Use Cases


Health is sensitive and demands the highest standards of data and algorithmic safety, privacy and makes extensive use of federated inference and learning strategies. In this genome medicine use case, we will focus on genomic data and their integration with medical records and outcomes. This choice is motivated by emerging large-scale data resources and initiatives to integrate genome data and associated omics data modalities across Europe. Pertinent examples include the 1+ Million Genomes Initiative that seeks to connect genome data from European Citizens to deliver improved health care in rare disease, oncology and infectious disease. EMBL is operating the European Genome-Phenome Archive (EGA, which is undergoing a transition towards a federated data model, which is serving as a key technology to underpin genome data sharing in Europe. At least five European countries are expected to join the federation model by 2022. This use case will deliver standards and establish proof of concept implementations to allow for federated data analytics for genome medicine.


Autonomous vehicles are safety-critical systems operating in a widely complex open world; as such, they must not only deliver excellent performance in their operational design domain (ODD), but also be provably robust to all unexpected inputs caused by adversarial attacks, extreme weather conditions, changes of operation domains or rare but potentially catastrophic driving situations. We aim at developing testbeds to assess the robustness of driving perception models, so that it can be statistically proven. Relying on existing (possibly, augmented) or new datasets if suited, benchmarks with associated baselines will be set up to address the following safety-centered challenges: a) calibration of models’ outputs and estimation of their uncertainty; b) detection of out-of-domain inputs (either at scene or object level); c) assessment of gradual domain shifts away from the intended ODD.


Large scale deployment of robot systems in outdoor, industrial and domestic settings relies on safe and certifiable robustness; the ability to represent, abstract and transfer acquired knowledge through continuous learning; and doing this autonomously and/or with human-inthe-loop decision making. Human-in-the-loop enables efficient abstraction and transfer of knowledge, but it requires robust and reliable interaction that respects privacy. Training data based on human examples used in learning by demonstration scenarios need to ensure no private data are used or transferred. We will use and extend large-scale public datasets: a) AnDyDataset (, a dataset of industrial human activities to ensure that privacy is preserved; b) the KIT Whole-Body Human Motion Database (, for learning whole-body manipulation tasks from multimodal human observation and their transfer to robots with different morphologies and include NLP interaction and c) RoboNet (, an open database for sharing robotic experiences, to study privacy and federated learning.

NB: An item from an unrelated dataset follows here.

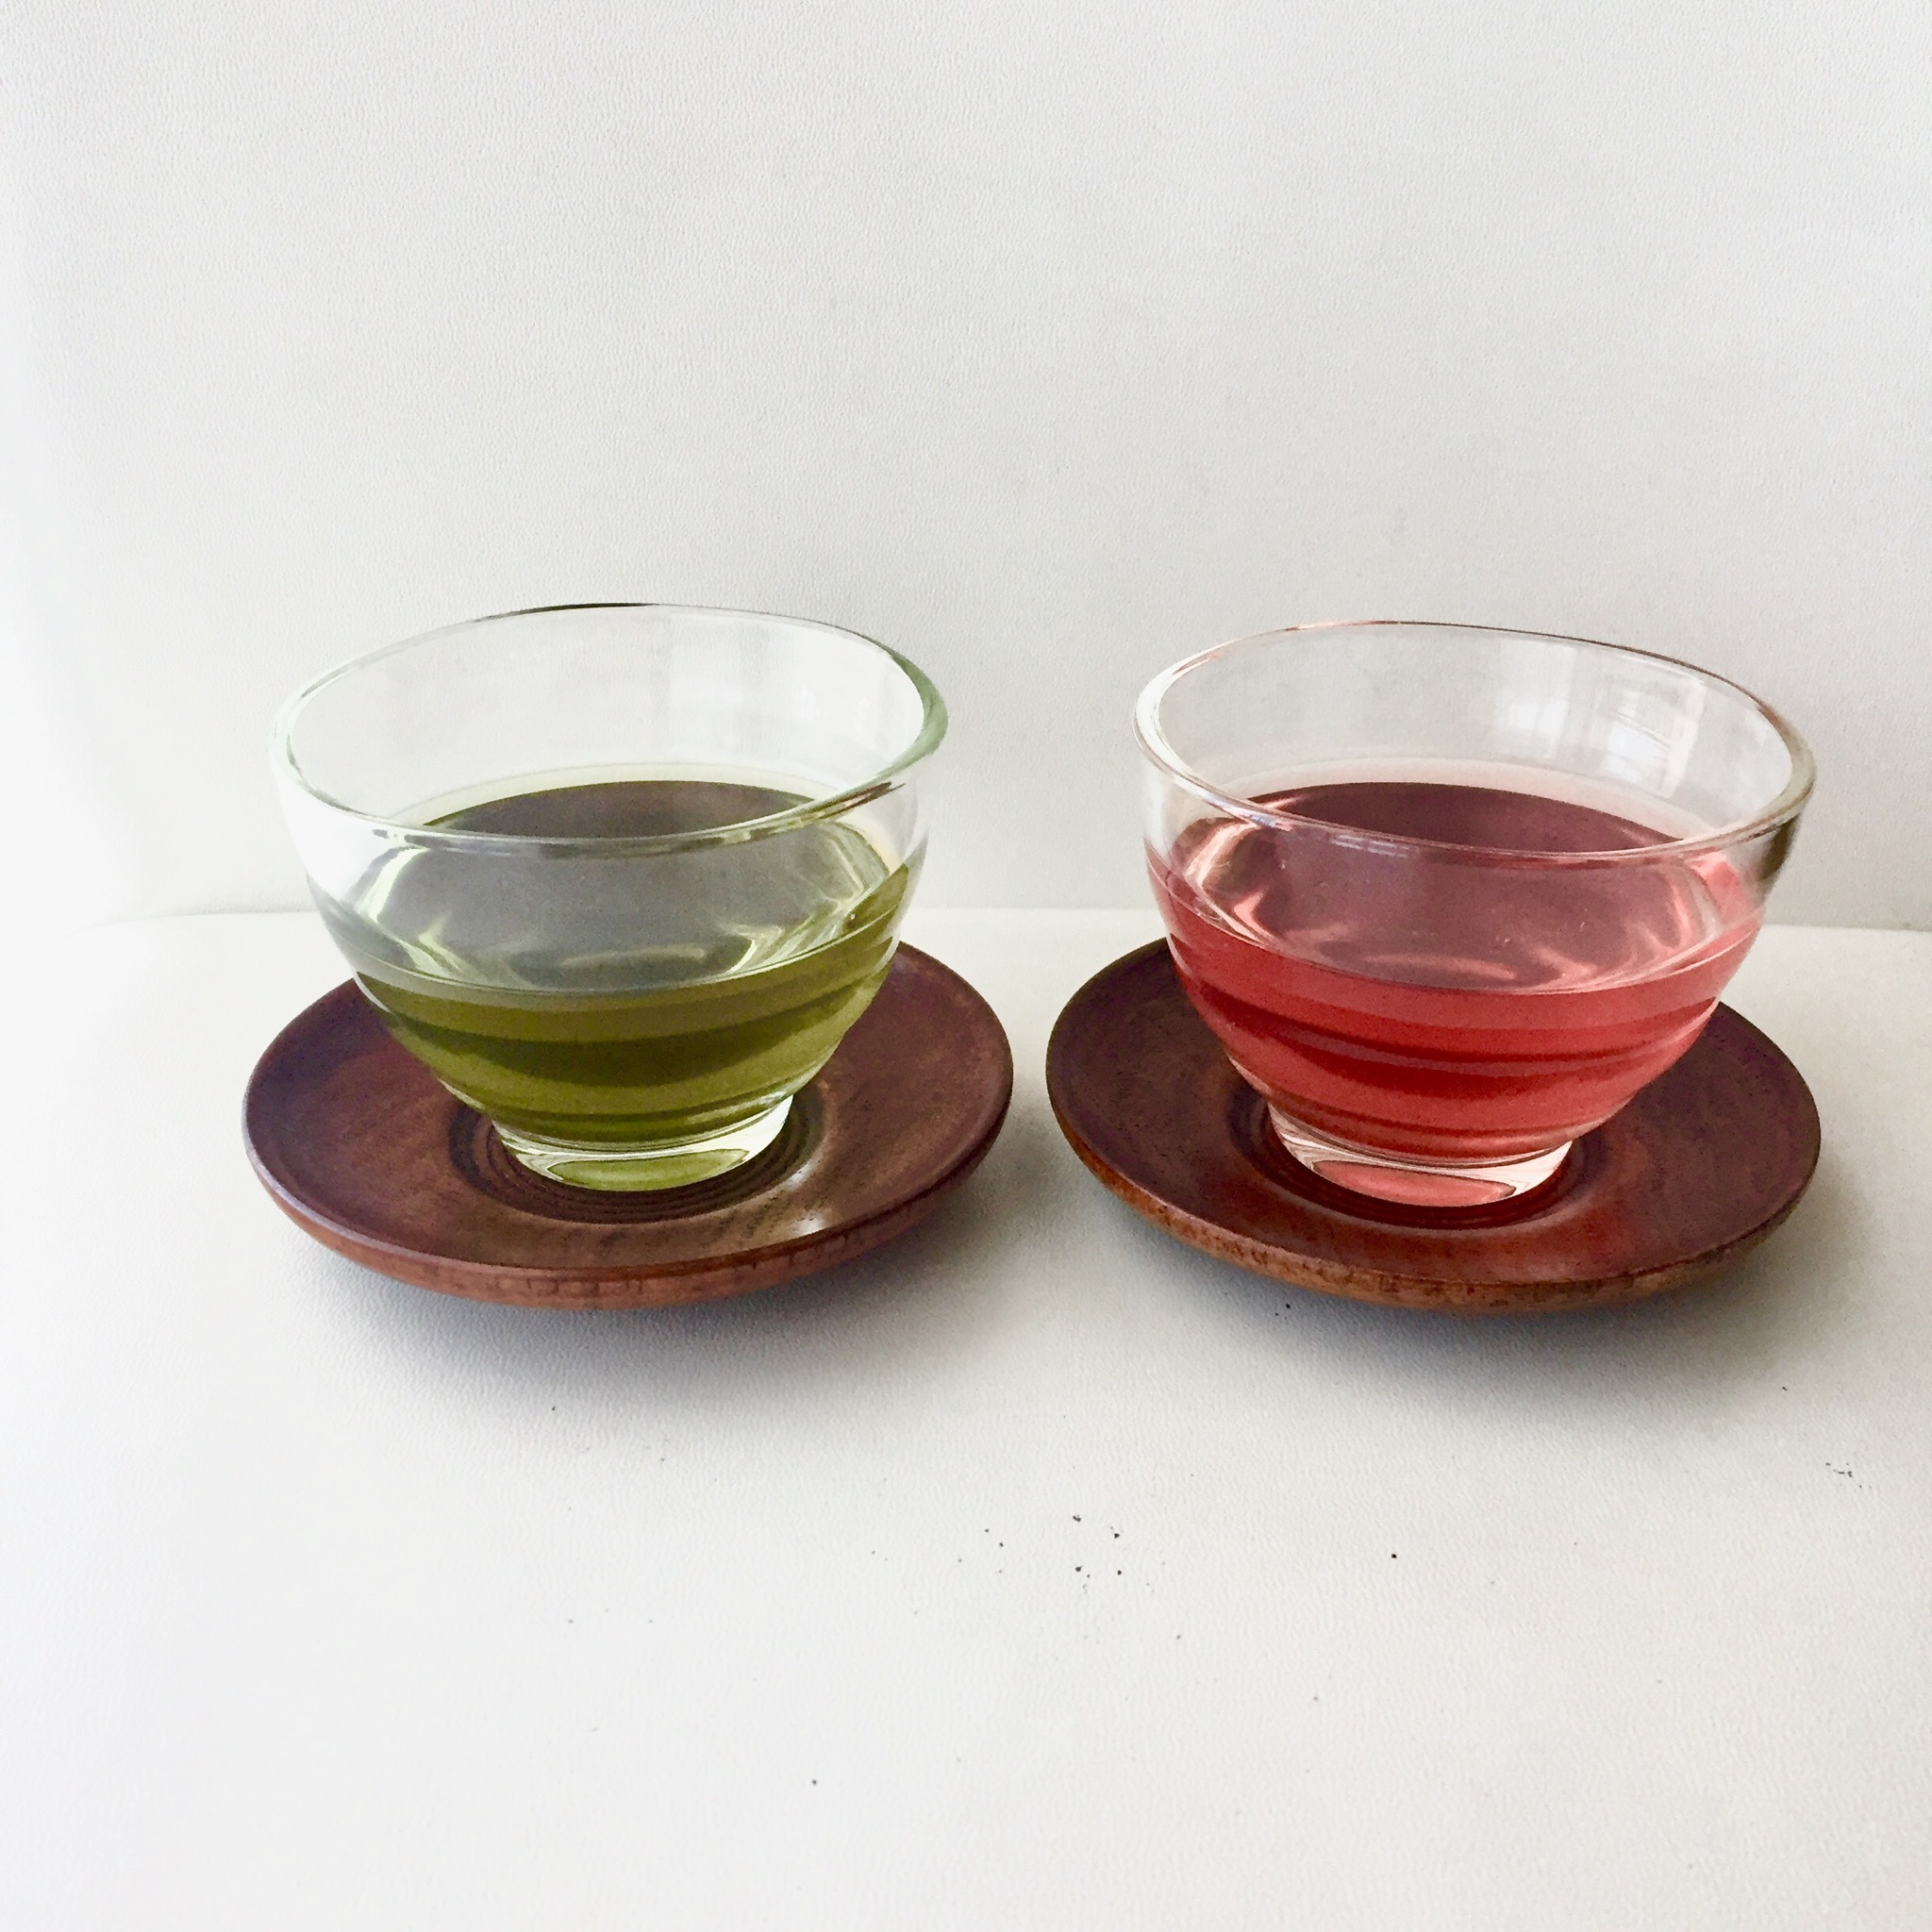 バレンタインにも♡赤い日本茶_1_1
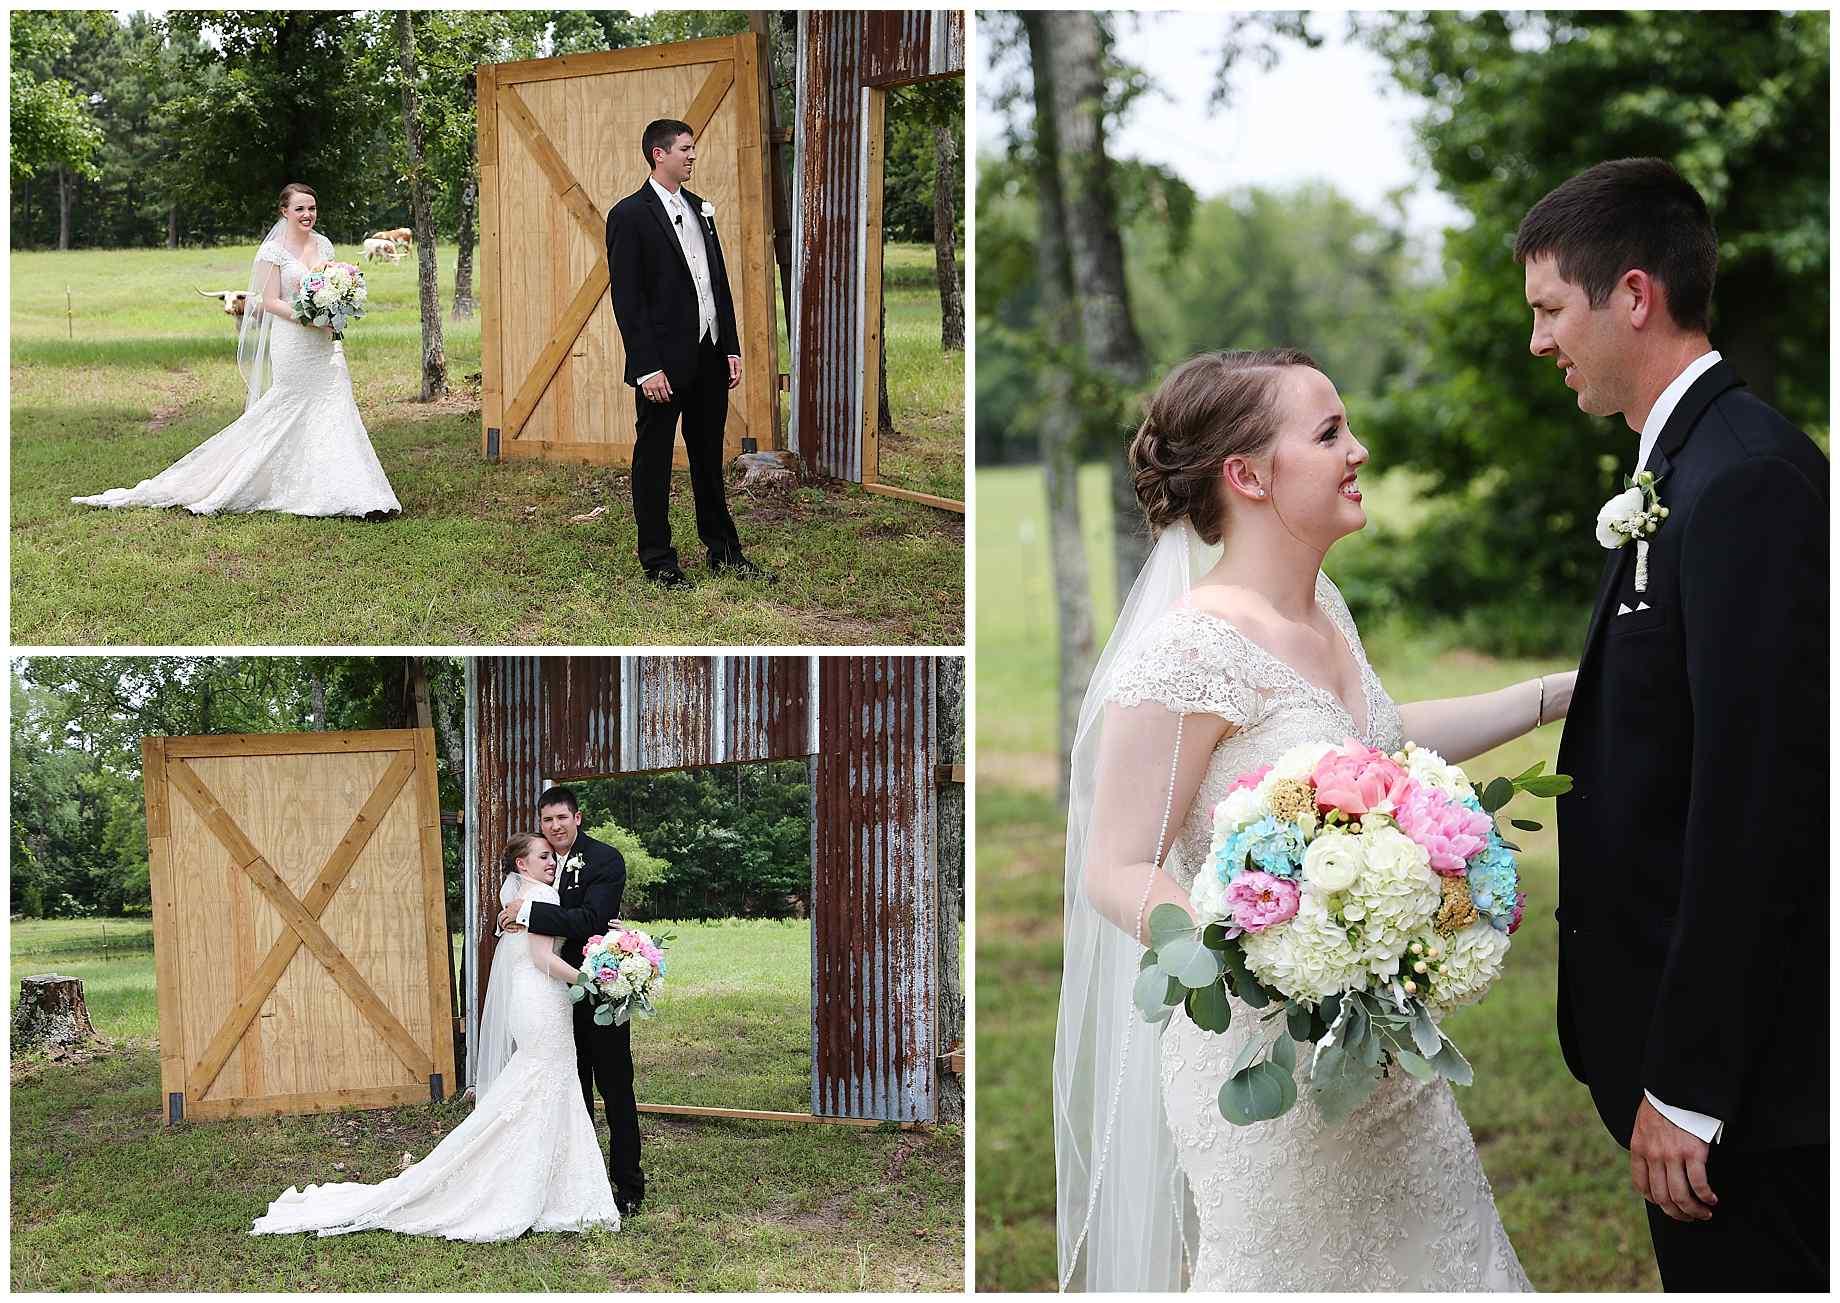 landing-event-center-joshua-farms-wedding-photos-009

Thanks to the power of deep learning techniques and novel architectures, images produced with generative networks are becoming increasingly realistic, enabling the creation of Deepfakes and helping to spread misinformation in media footage. While in the past few years generated images contained artefacts, today’s results are way less recognizable from a purely perceptive point of view. The use case will investigate novel ways of understanding and detecting fake data, through new machine learning approaches capable of mixing (a) syntactic/perceptive analysis, (b) semantic analysis and (c) human oversight analysis. While in the first scenario the approaches should work at a low level, evaluating the realism of pixels, shadows and textures, in the second scenario they shall evaluate the probability to have in a given context a given object, scene or action. This will also be carried out by mixing different media sources, e.g. by correlating visual and textual data. Finally, developed algorithms should benefit from human oversight by design, by enabling domain experts to validate and improve results in a human-in-the-loop fashion. The use case will be based on available initiatives to detect Deepfakes and misinformation scenarios, and will foster the creation of new datasets for misinformation detection.


Keeping end-user devices safe is a daunting and challenging task, as malware spreads across every kind of operating system. To cope with such an enormous amount of data, many anti-malware solutions are empowered by machine learning and data-driven AI algorithms. However, such algorithms fail to generalize well outside their training data distribution. The problem is exacerbated as (i) malware developers constantly manipulate their malicious samples to bypass detection and (ii) it is difficult to interpret the decisions of AI models and, consequently, their failure cases and how to mitigate them. To cope with these issues, AI models are frequently retrained on past and newly-collected data, demanding constant human intervention and dedicated resources. In this use case, we aim to overcome this problem by automating the process of building and deploying AI-based malware detection systems that can be maintained with less effort, and react more promptly to novel threats. We will base the use case on a continuous data collection via publicly-available sources (e.g., AndroZoo, VirusTotal, and VirusShare).


Automatically managing the information of document workflows is a core aspect of business intelligence and process automation. Reasoning over the information extracted from documents fuels subsequent decision-making processes that can directly affect humans, especially in sectors such as finance, legal or insurance. At the same time, documents tend to contain private information, restricting access to them during training. This use case seeks to explore methods for training large-scale models over private and widely distributed data. Specifically, we will explore novel techniques for training privacy-preserving document visual question answering systems over private data. We will base our benchmarks on repurposed large scale annotated datasets such as IIT-CDIP (Lewis et al., 2006), FUNSD (Jaume et al., 2019) and DocVQA (Mathew et al., 2021).